[AVAILABLE RECORDS Boundary: Start]

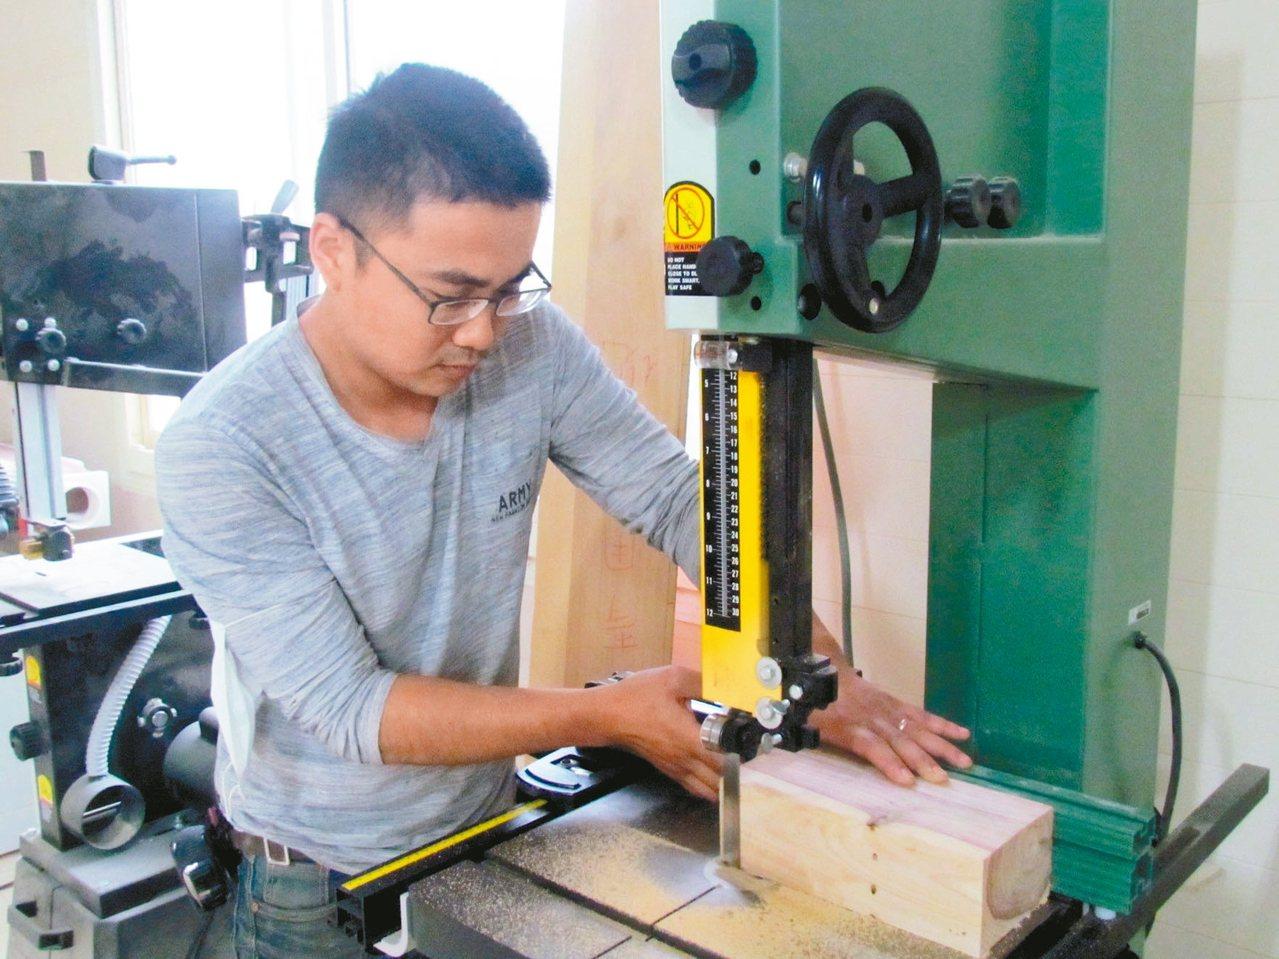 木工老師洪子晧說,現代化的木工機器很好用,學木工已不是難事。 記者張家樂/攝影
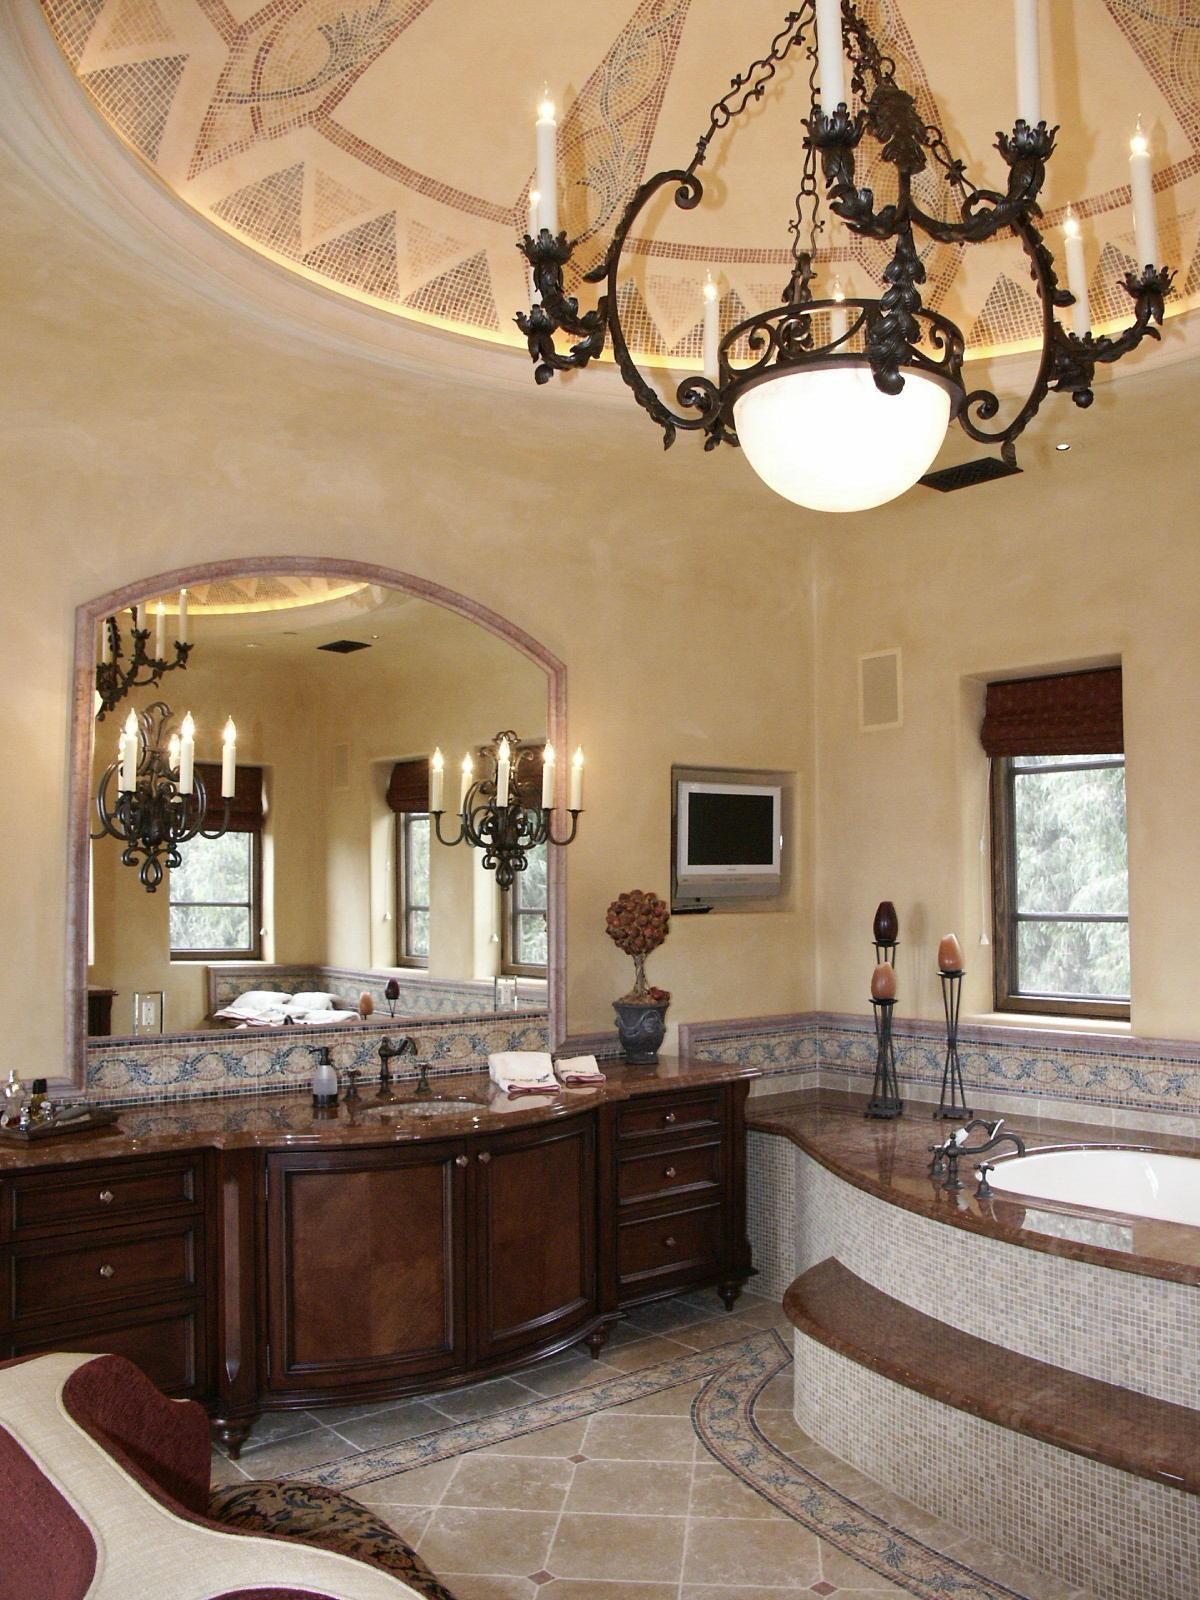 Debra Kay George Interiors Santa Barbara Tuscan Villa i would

[AVAILABLE RECORDS Boundary: End]
[AVAILABLE RECORDS Boundary: Start]

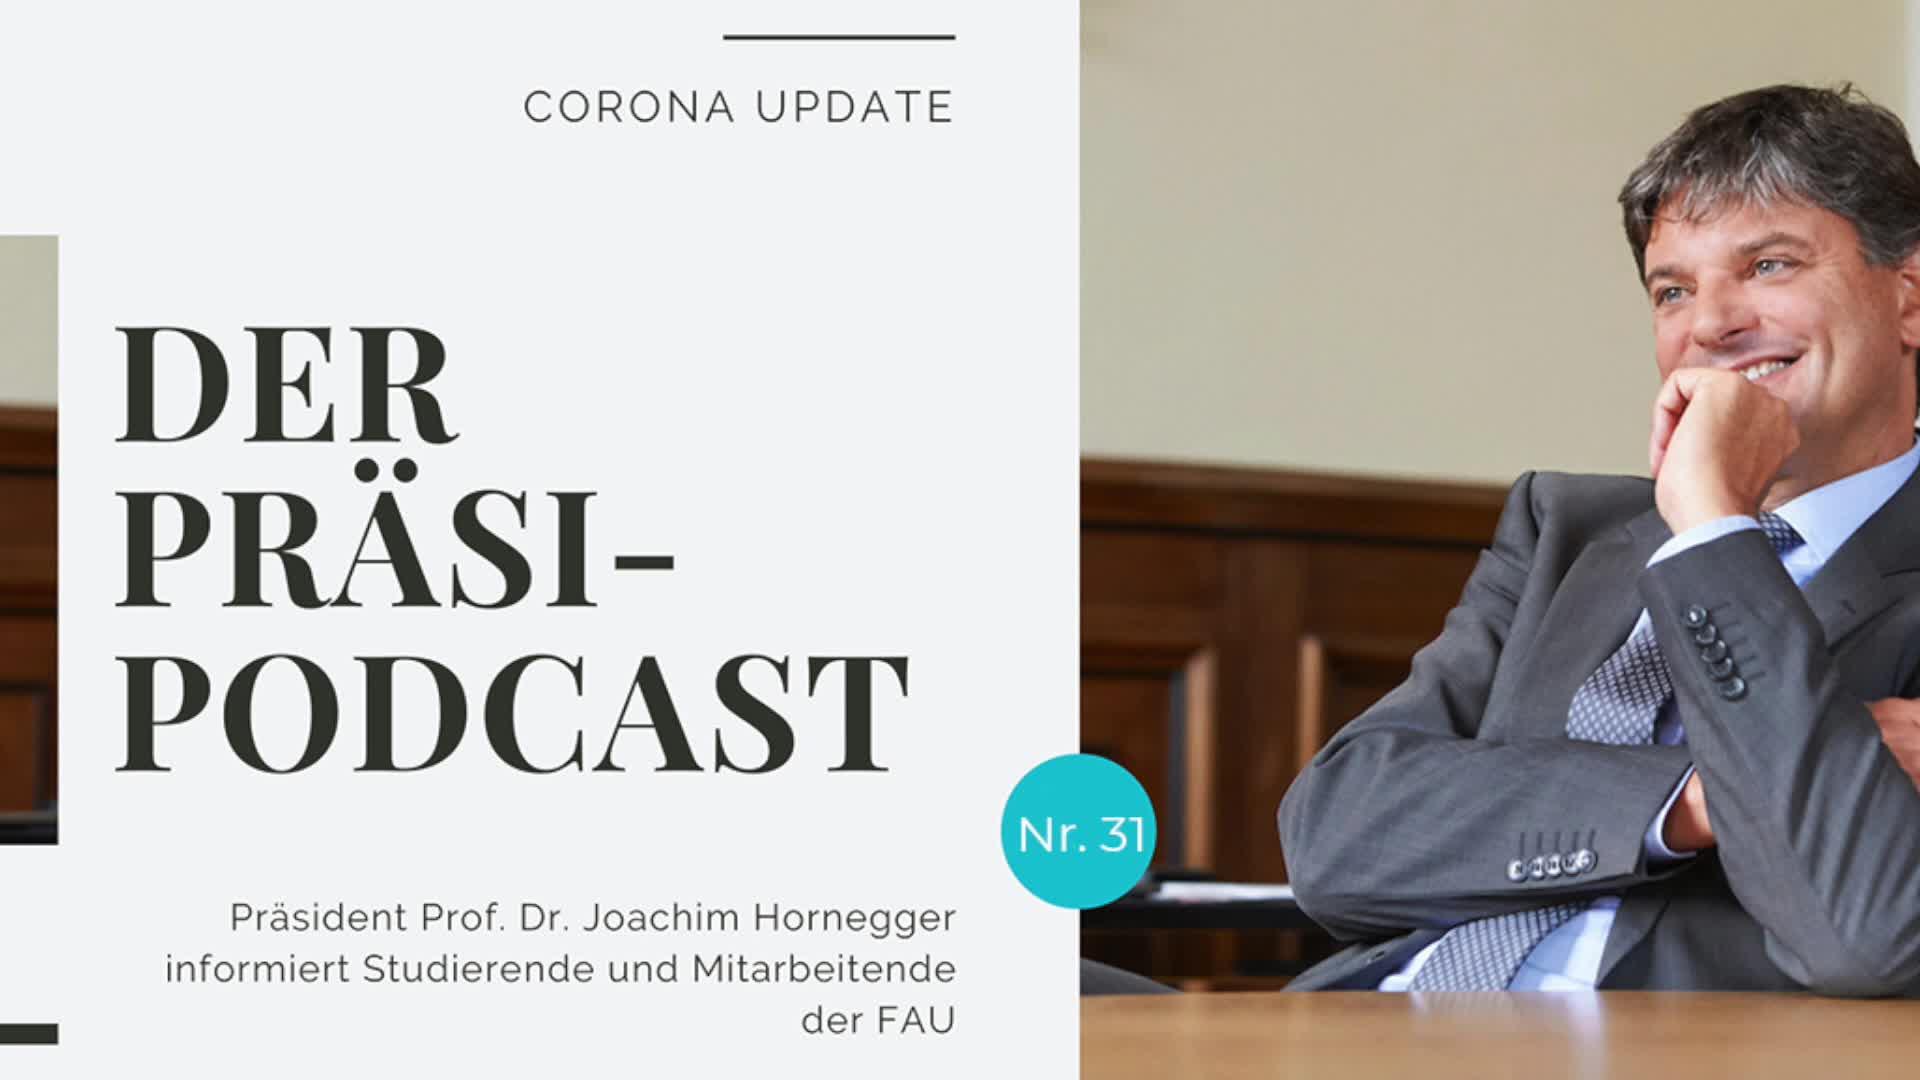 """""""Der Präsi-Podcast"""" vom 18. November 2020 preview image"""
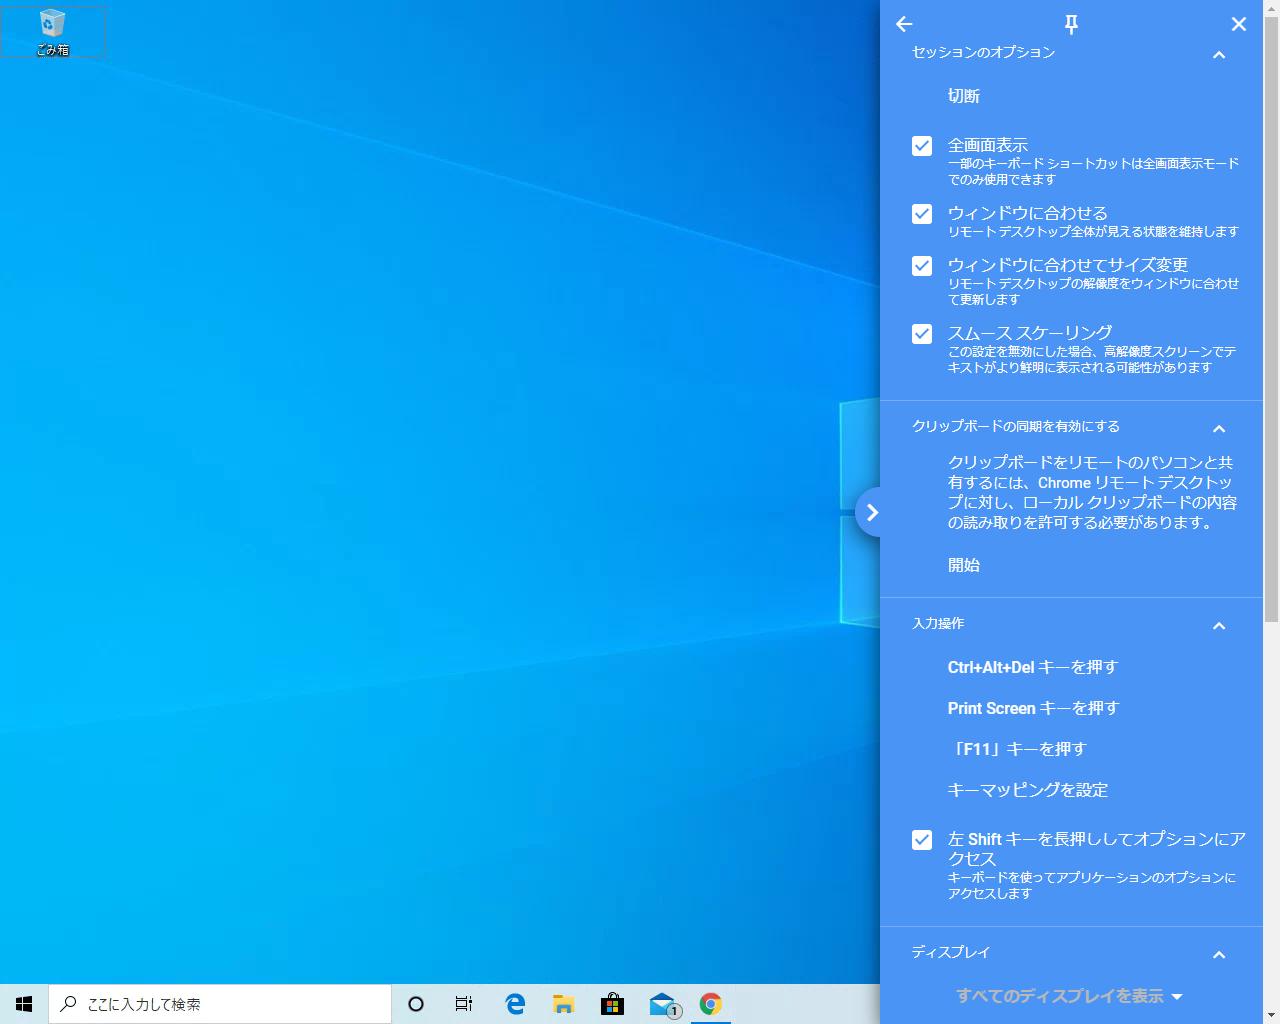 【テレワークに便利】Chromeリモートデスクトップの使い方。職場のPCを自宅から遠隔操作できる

[AVAILABLE RECORDS Boundary: End]

Exercise for the records above: copy only the lines from the one with "木工老師洪子晧說,現代化的木工機器很好用,學木工已不是難事。 記者張家樂/攝影" to the one with "Debra Kay George", both ends kept, and drop the pictures.

 木工老師洪子晧說,現代化的木工機器很好用,學木工已不是難事。 記者張家樂/攝影
 Debra Kay George Interiors Santa Barbara Tuscan Villa i would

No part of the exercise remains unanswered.